The Sapsan type train from St Petersburg to Moscow was on time, clean and comfortable. I did notice that the speed was in excess of 230 k/h at times. On it was a restaurant, buffet car, plenty of luggage spaces and staff to book tours, train and airline tickets for the traveler. Places were available for disabled persons with straps for holding down wheelchairs and special disabled toilets as well. There were also special seats for those travelling with animals. though I don’t know what they looked like (the seats not the animals!) There was an office and conference room on board and a shoe cleaning machine. Playing on the overhead screens and available by wifi on the Russian phones was the film Finian's Rainbow, a 1968 Irish-American musical with Fred Astaire, Petula Clark and Tommy Steele. Some people were watching it!
I had not ordered a taxi for arrival at the Moscow station, just thought I would try my luck. Most taxis in the country are at the end of a phone as that is the way people work here. Anyway, there were taxis waiting with the first driver offering a price which I refused as being too much, reduced but I still said too much and walked off. The second taxi driver started off at half the price of the first so I thought it wasn’t going to get much better so agreed to that. This time in Moscow I had booked to stay in the Arbat House Hotel. This was because at this time of year hundreds of school children come into Moscow for the holidays (with their teachers) and a lot of hotels are booked out.
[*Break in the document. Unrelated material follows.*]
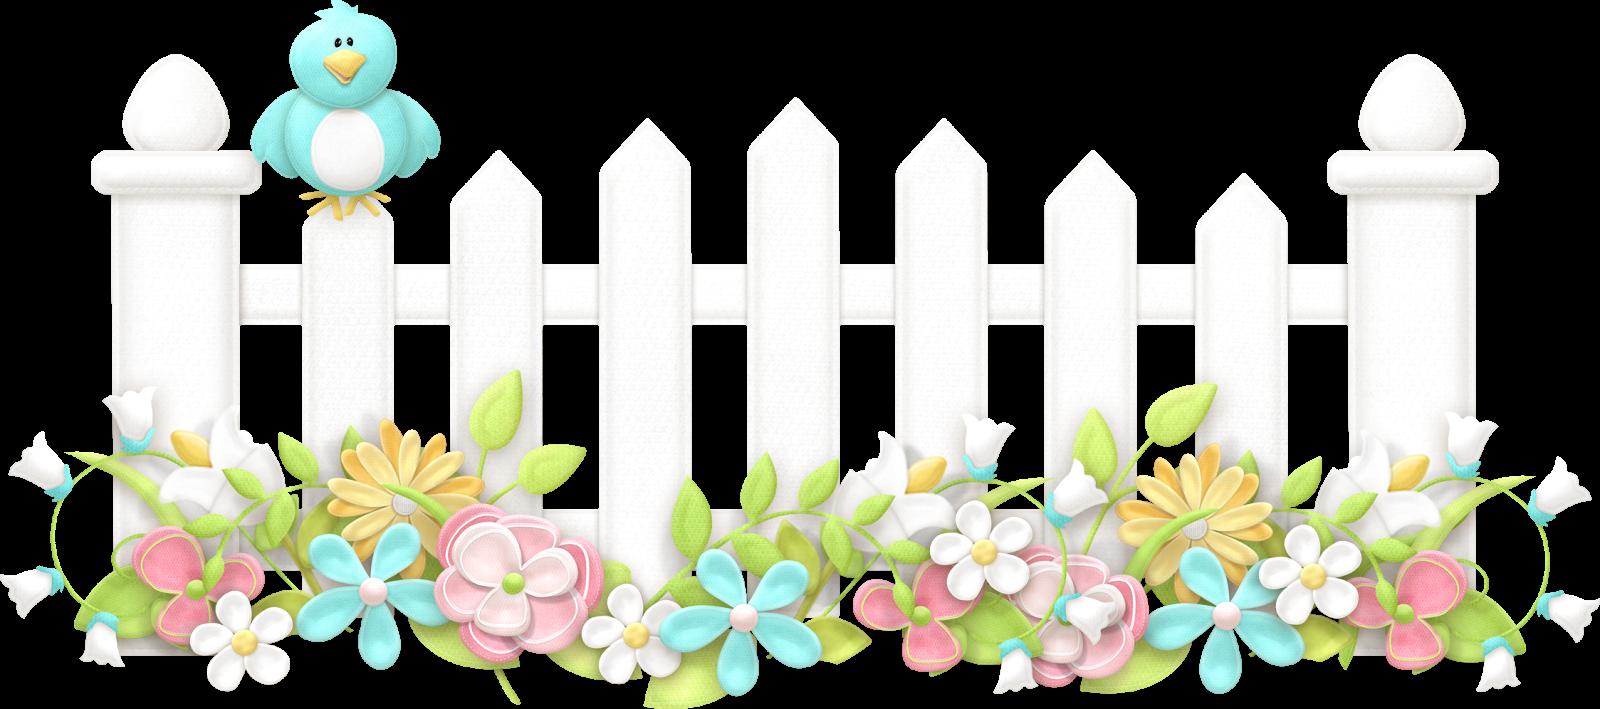 Primaverababies clipart picture transparent Nest clipart baby floral, Nest baby floral Transparent FREE ... picture transparent

Driving through the back street to the hotel I wondered where I was being taken but it worked out well as the hotel was good, the reception staff extremely helpful, plenty of shop and cafes nearby while the hotel itself was in easy walking distance of Red Square and the Kremlin Complex, where I went a number of times.
One thing about walking the back streets with all the snow and ice was that the safest place to walk was in the centre of the road. Snow fell off the roofs of buildings onto the pavement and sometimes men were on the roofs clearing off the snow with the pavements cordoned off and men below blowing whistles when people or cars had to pass. In some places parked cars were covered with thick sheets of plywood to stop them from being damaged. It looked like the council had workers going round the streets and any overhanging balcony or gutter with large icicles had people in cherry-pickers knocking the ice off. I do know that if any of the ice blocks would have hit someone then it’s likely they would be killed.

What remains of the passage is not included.